御代は見てのお楽しみのはずじゃ…
それは、見世物小屋のことだった。おばけ屋敷は前金制でよかったか…
今から30ン年前この地の二大(縁日)祭り、新潟の「白山祭」と東新潟の「蒲原祭」は賑やかに屋台が並び、神社の境内にはおばけ屋敷と見世物小屋がメインの出しものとして大人気だった。

あの胡散臭い見世物小屋ことが忘れられない。妖しくも官能的な書き割りの看板、呼び込みのおじさんのだみ声、顔が人間で体は牛の絵や、綺麗なお姉さんのもとへ答えの紙を咥えて運ぶ学者犬の絵に釣られ「もしかすると本当に…」の淡い期待を胸に、「今入ればちょうどいいところだ!!」の口上と「ドン ドン ドン ドン…」と鳴る太鼓の音色が聞こえればこらえられなくなり、親を口説いて毎年騙されに入る(笑)

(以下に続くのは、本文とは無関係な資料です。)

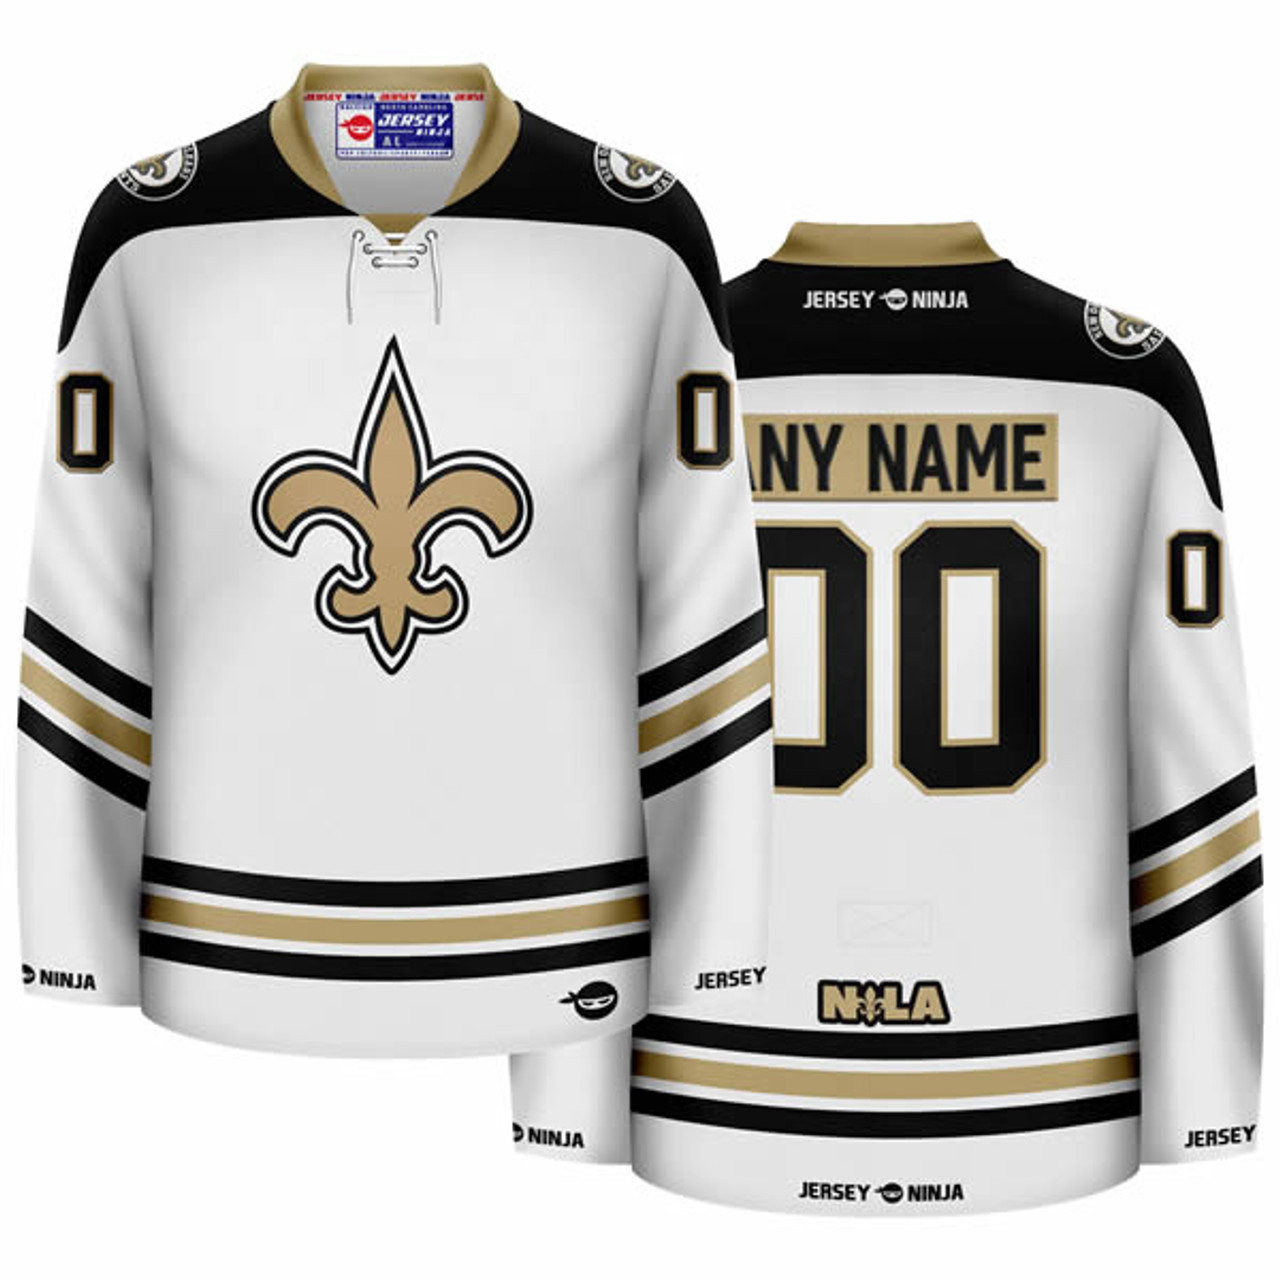 white and gold saints jersey
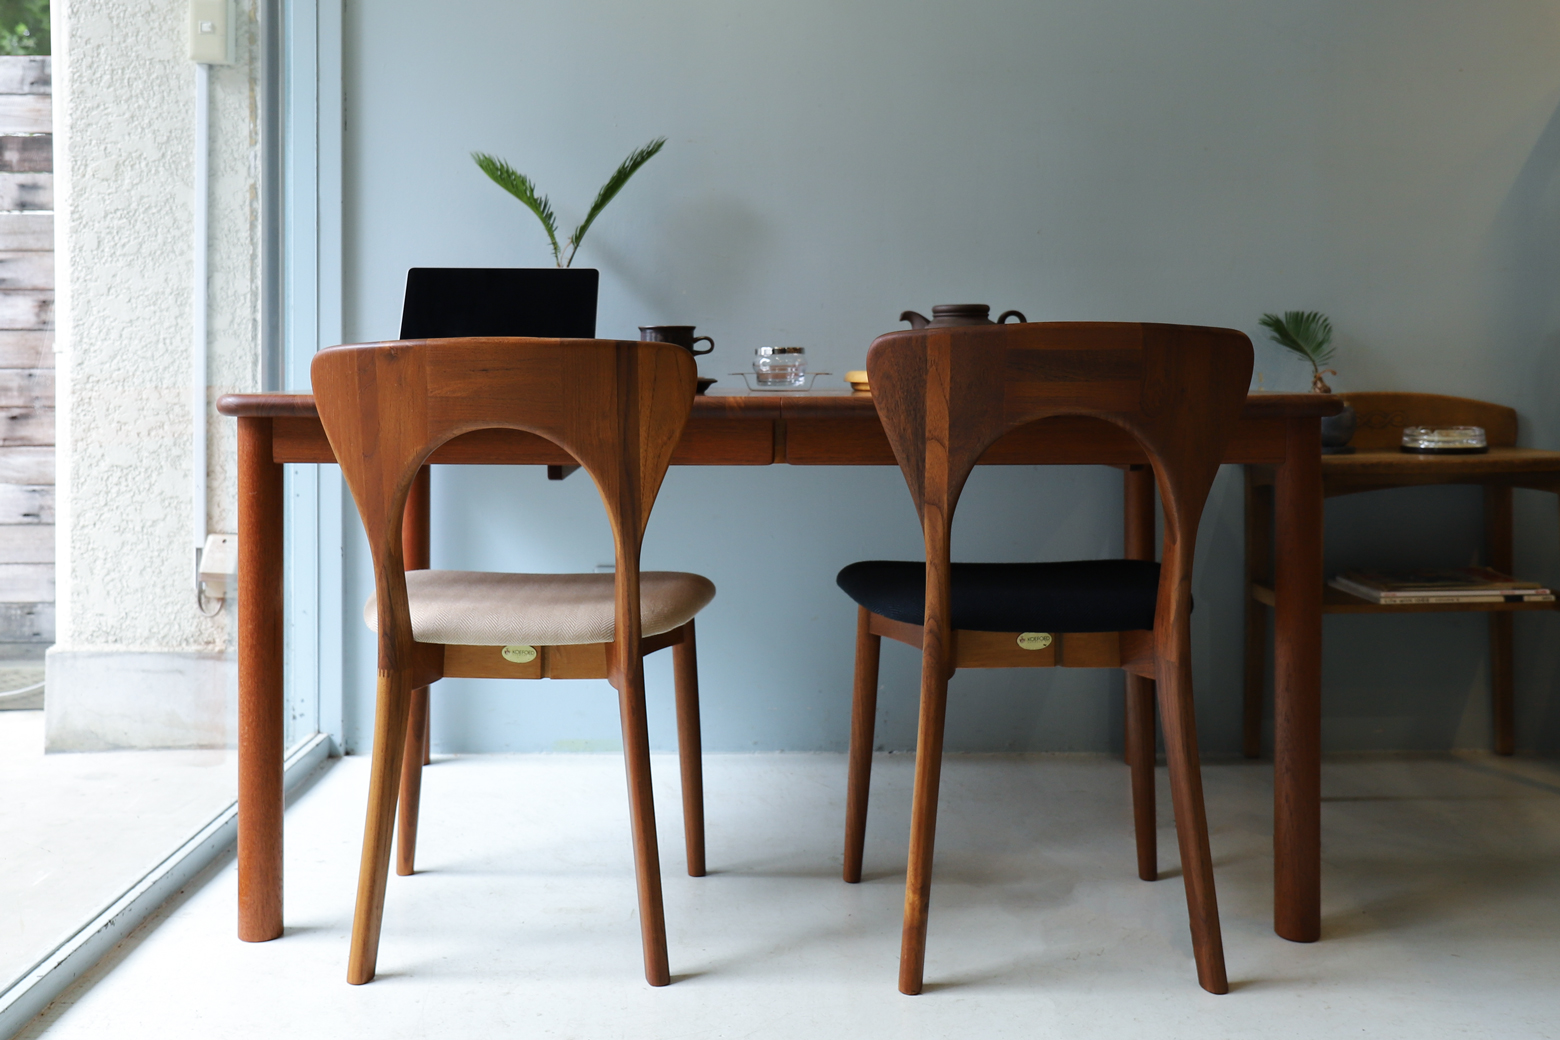 Danish Vintage Dining Chair Peter by Niels Koefoed for KOEFOEDS HORNSLET/デンマーク ヴィンテージ ダイニングチェア ピーター ニールス・コフォード 椅子 北欧家具 チーク材

中に入ると意地の悪そうなおばさんが、綺麗だけれどどこか寂しそうな(←ちがう意味で読んでね)お姉さんの演目をしきりに紹介している。「お客さんの中でこれが全部できたら、このお姉さんをお嫁さんに差し上げます。」などと云っていたが、大人のお客も一瞬「お~っ」と力なく歓声を上げたが誰もお嫁さんに欲しいという人はいなかった…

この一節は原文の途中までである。